- [Work order] In the records below, the lines between the one holding "Strafrecht-Tarneden-Rechtsanwalt-Hannover" and the one holding "Lab Laboratory Test", inclusive, are to be transcribed exactly; no pictures are to be included.

- [Data shown]

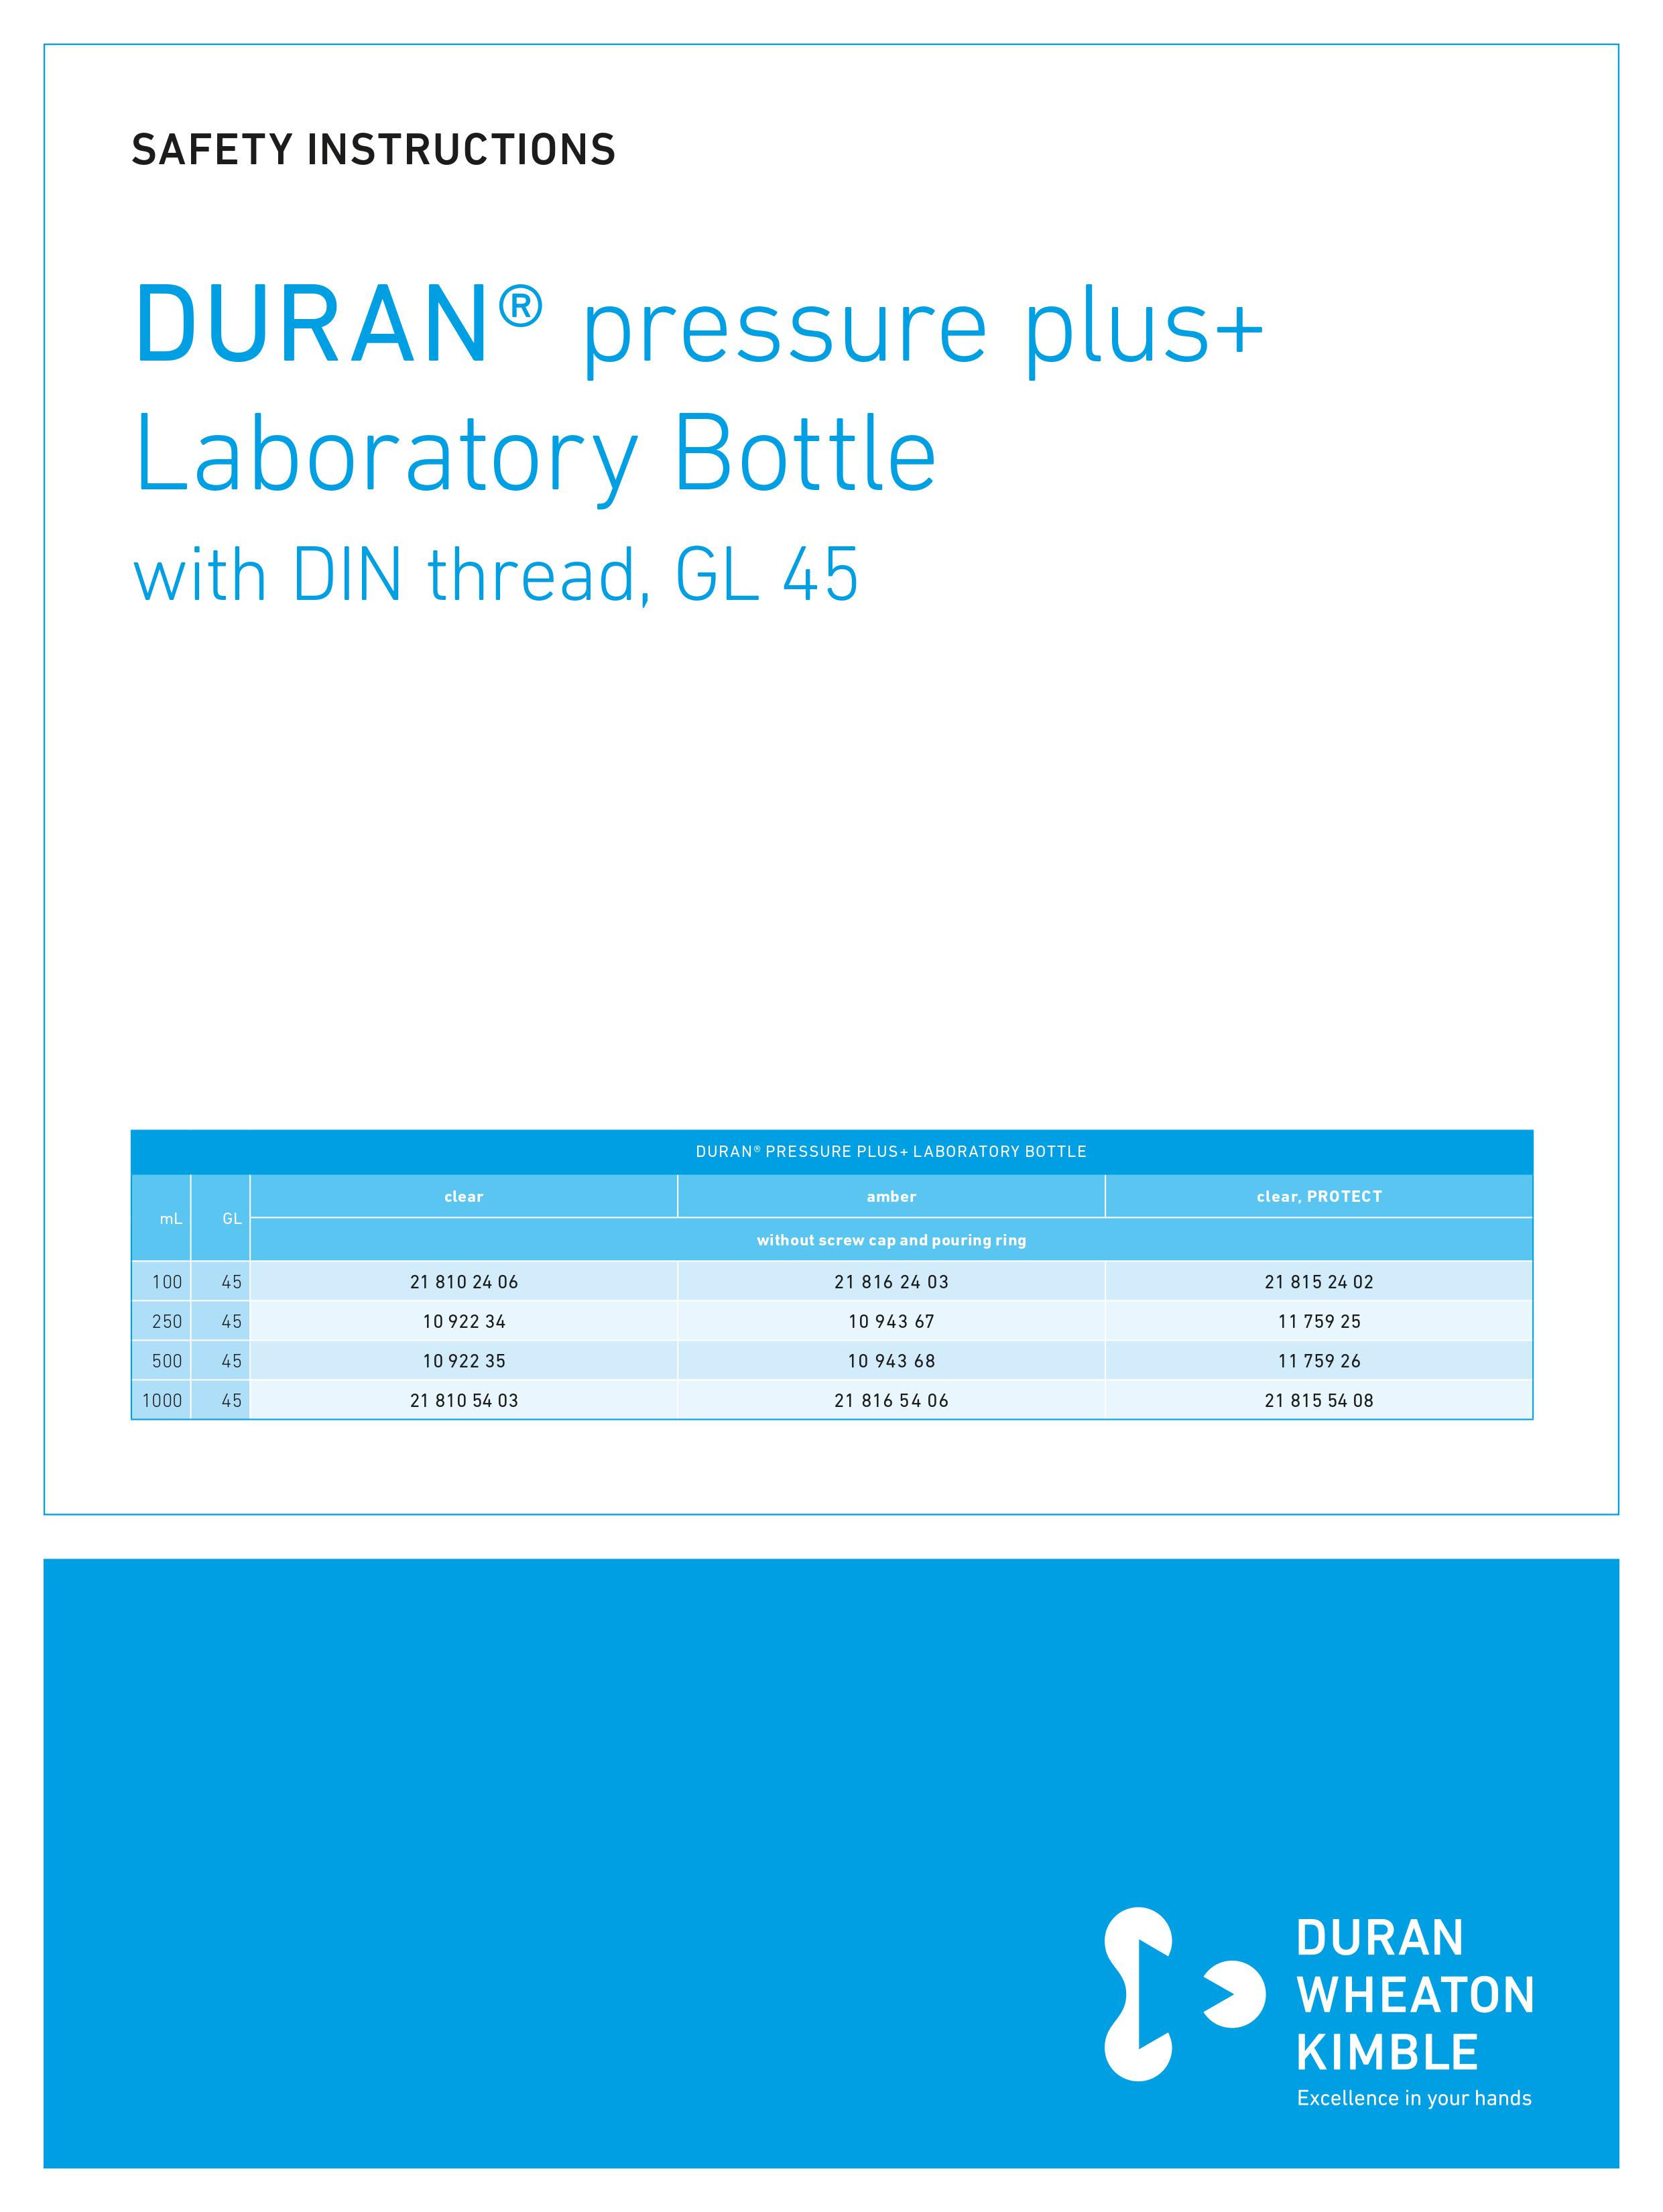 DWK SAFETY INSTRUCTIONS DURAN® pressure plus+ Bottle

==

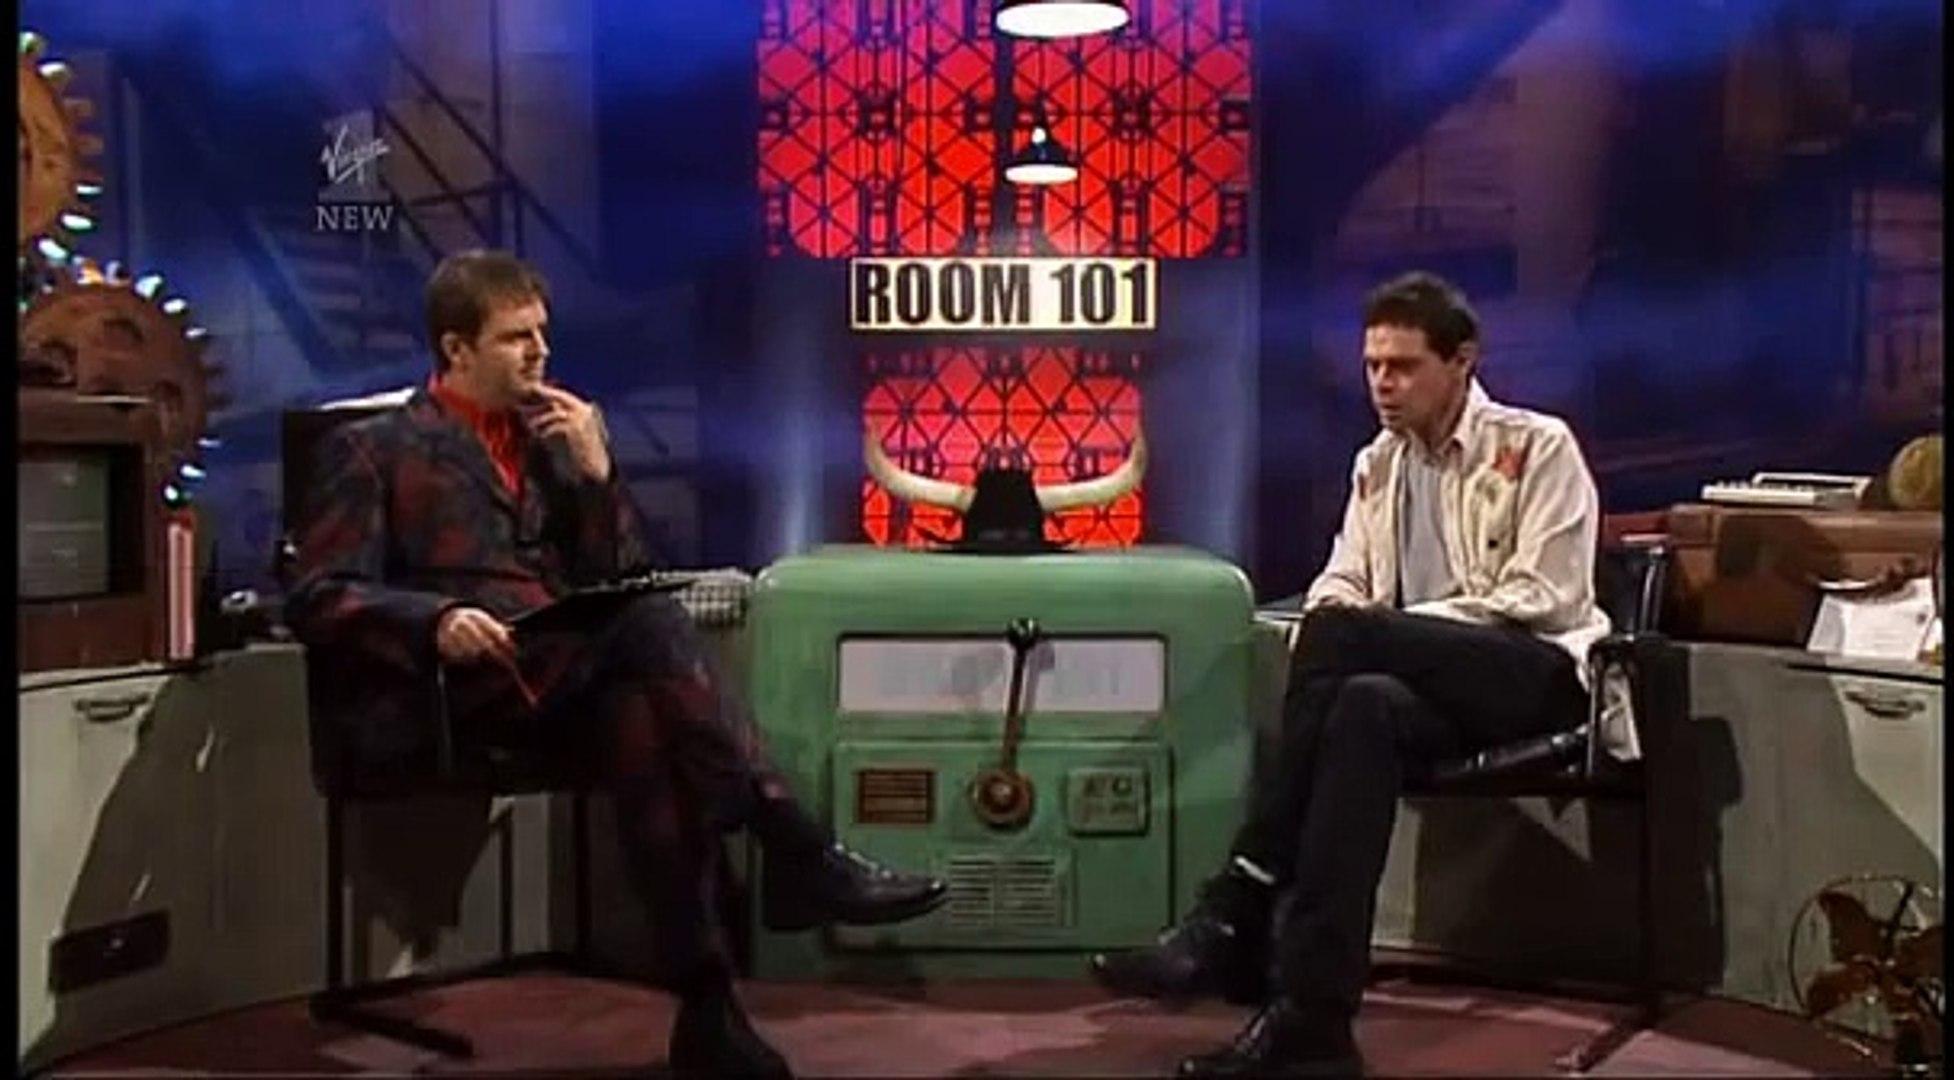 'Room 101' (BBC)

...

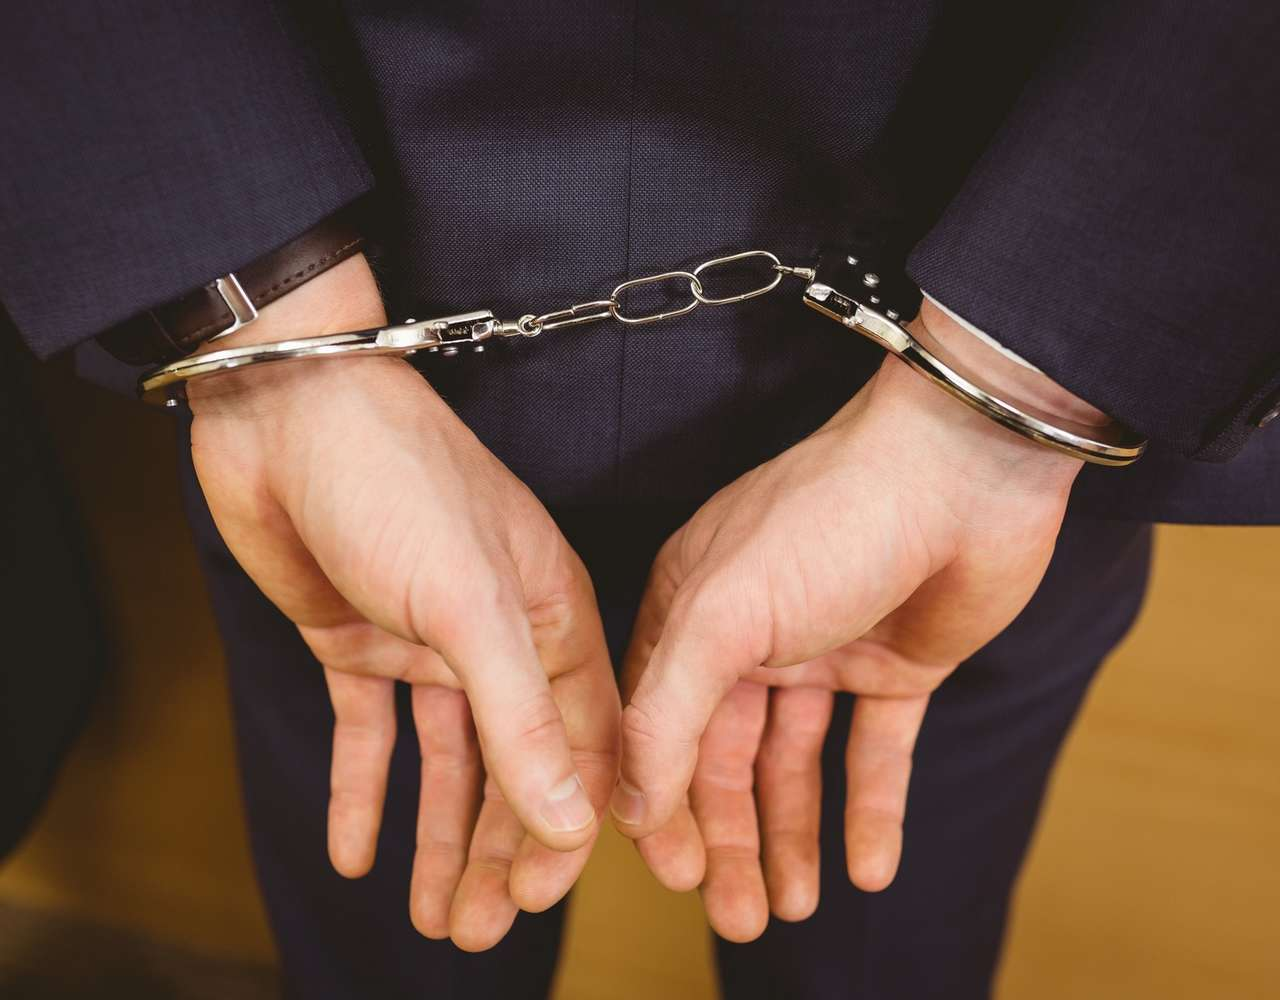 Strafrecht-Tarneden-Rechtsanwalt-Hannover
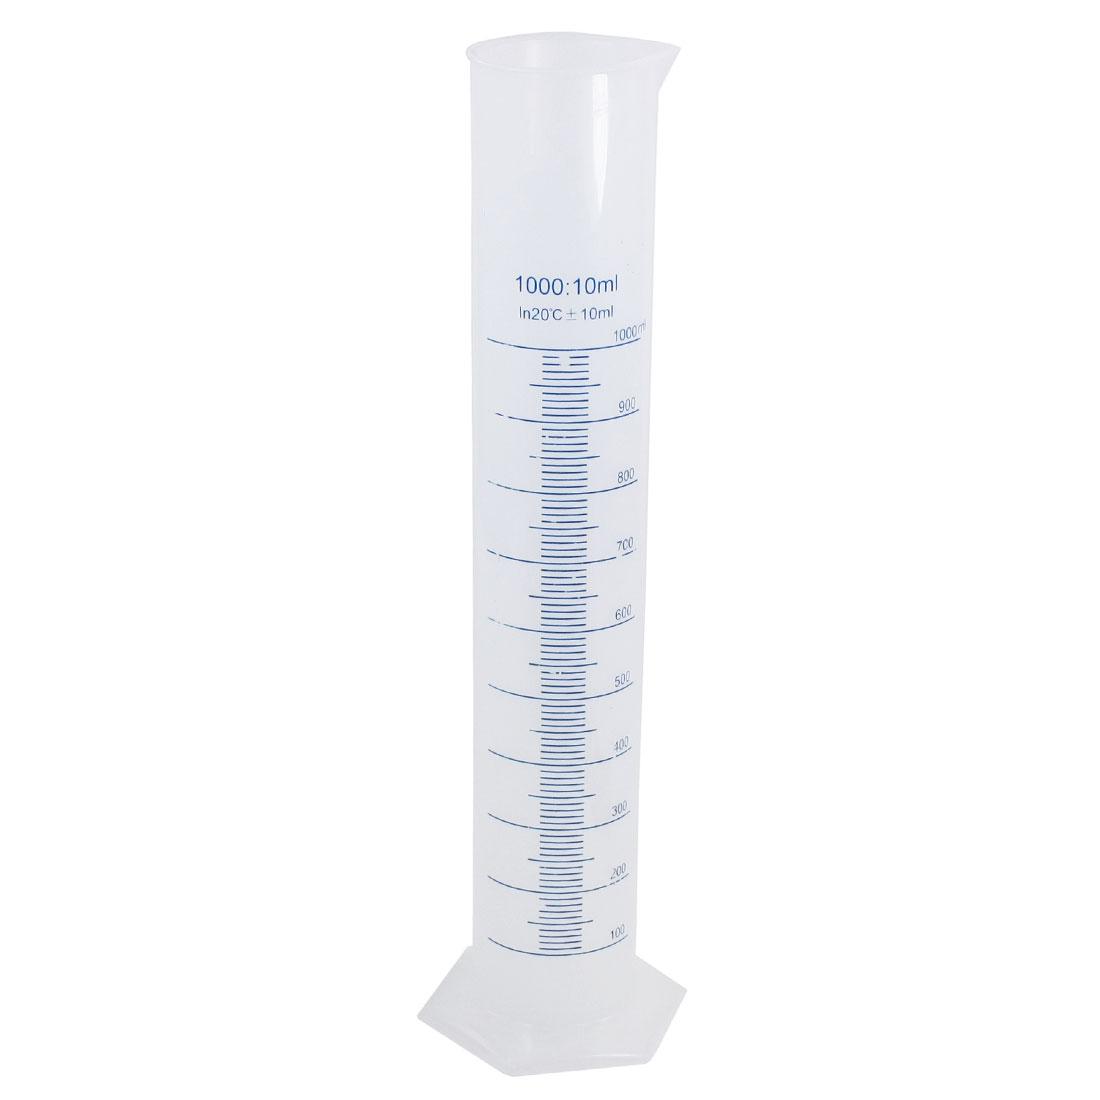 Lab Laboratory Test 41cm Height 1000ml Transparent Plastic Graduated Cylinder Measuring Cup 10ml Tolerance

- [Result of this task]
 Strafrecht-Tarneden-Rechtsanwalt-Hannover
 Lab Laboratory Test 41cm Height 1000ml Transparent Plastic Graduated Cylinder Measuring Cup 10ml Tolerance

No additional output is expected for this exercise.